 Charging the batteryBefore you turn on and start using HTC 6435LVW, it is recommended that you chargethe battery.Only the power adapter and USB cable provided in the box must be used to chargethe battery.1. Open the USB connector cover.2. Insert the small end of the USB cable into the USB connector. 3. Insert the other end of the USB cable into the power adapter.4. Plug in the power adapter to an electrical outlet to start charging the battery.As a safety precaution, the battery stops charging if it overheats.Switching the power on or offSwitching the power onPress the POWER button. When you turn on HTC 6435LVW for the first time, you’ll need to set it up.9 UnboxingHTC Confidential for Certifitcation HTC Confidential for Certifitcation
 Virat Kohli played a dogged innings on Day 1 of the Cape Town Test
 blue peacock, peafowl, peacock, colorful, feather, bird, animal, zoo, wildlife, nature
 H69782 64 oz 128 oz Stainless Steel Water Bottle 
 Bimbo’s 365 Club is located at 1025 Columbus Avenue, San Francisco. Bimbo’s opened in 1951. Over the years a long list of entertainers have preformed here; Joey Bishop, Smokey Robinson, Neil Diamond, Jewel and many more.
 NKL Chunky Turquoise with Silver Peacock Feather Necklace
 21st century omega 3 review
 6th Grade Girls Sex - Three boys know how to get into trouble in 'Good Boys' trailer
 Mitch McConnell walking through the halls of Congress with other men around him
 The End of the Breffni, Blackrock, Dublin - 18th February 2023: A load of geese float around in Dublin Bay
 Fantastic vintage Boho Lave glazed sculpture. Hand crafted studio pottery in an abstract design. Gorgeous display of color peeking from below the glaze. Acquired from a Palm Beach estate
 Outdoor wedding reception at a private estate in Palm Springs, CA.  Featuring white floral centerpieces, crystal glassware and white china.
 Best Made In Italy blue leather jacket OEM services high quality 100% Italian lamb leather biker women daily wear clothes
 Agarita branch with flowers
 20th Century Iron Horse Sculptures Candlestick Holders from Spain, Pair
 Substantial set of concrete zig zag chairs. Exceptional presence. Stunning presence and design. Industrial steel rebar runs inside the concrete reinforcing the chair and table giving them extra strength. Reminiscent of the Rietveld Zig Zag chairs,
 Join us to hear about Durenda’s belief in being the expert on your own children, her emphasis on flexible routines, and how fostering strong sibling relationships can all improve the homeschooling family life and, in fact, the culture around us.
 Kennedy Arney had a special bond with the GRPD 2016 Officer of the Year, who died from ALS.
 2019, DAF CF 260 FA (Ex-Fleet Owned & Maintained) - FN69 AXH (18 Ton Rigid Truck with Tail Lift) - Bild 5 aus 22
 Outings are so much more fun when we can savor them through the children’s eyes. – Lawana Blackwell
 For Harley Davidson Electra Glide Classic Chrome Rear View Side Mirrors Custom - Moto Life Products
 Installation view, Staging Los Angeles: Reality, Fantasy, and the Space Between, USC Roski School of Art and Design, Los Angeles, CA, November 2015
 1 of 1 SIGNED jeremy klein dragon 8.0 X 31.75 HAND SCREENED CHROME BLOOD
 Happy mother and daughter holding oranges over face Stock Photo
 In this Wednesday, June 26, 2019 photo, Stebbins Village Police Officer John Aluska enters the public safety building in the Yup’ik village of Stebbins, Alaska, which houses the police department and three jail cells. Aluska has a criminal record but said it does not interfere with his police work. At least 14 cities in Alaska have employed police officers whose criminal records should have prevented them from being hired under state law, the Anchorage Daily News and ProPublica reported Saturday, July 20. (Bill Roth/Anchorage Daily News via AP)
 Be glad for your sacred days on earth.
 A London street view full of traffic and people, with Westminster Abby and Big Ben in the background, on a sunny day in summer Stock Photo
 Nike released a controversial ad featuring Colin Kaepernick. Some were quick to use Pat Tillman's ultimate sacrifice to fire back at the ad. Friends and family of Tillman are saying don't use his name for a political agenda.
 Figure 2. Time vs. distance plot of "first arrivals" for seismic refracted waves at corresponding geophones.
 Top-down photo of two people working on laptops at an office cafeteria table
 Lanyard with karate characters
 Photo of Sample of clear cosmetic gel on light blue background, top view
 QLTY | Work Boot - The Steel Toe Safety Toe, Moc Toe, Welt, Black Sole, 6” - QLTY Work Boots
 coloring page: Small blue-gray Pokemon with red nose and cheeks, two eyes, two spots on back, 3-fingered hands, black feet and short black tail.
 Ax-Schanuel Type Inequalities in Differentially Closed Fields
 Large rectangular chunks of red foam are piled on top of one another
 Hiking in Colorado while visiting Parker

What you will do
From the material above, set down exactly the lines between the line holding "6th Grade Girls" and the line holding "Kennedy Arney had", inclusive. Include nothing else.

Answer for the task
 6th Grade Girls Sex - Three boys know how to get into trouble in 'Good Boys' trailer
 Mitch McConnell walking through the halls of Congress with other men around him
 The End of the Breffni, Blackrock, Dublin - 18th February 2023: A load of geese float around in Dublin Bay
 Fantastic vintage Boho Lave glazed sculpture. Hand crafted studio pottery in an abstract design. Gorgeous display of color peeking from below the glaze. Acquired from a Palm Beach estate
 Outdoor wedding reception at a private estate in Palm Springs, CA.  Featuring white floral centerpieces, crystal glassware and white china.
 Best Made In Italy blue leather jacket OEM services high quality 100% Italian lamb leather biker women daily wear clothes
 Agarita branch with flowers
 20th Century Iron Horse Sculptures Candlestick Holders from Spain, Pair
 Substantial set of concrete zig zag chairs. Exceptional presence. Stunning presence and design. Industrial steel rebar runs inside the concrete reinforcing the chair and table giving them extra strength. Reminiscent of the Rietveld Zig Zag chairs,
 Join us to hear about Durenda’s belief in being the expert on your own children, her emphasis on flexible routines, and how fostering strong sibling relationships can all improve the homeschooling family life and, in fact, the culture around us.
 Kennedy Arney had a special bond with the GRPD 2016 Officer of the Year, who died from ALS.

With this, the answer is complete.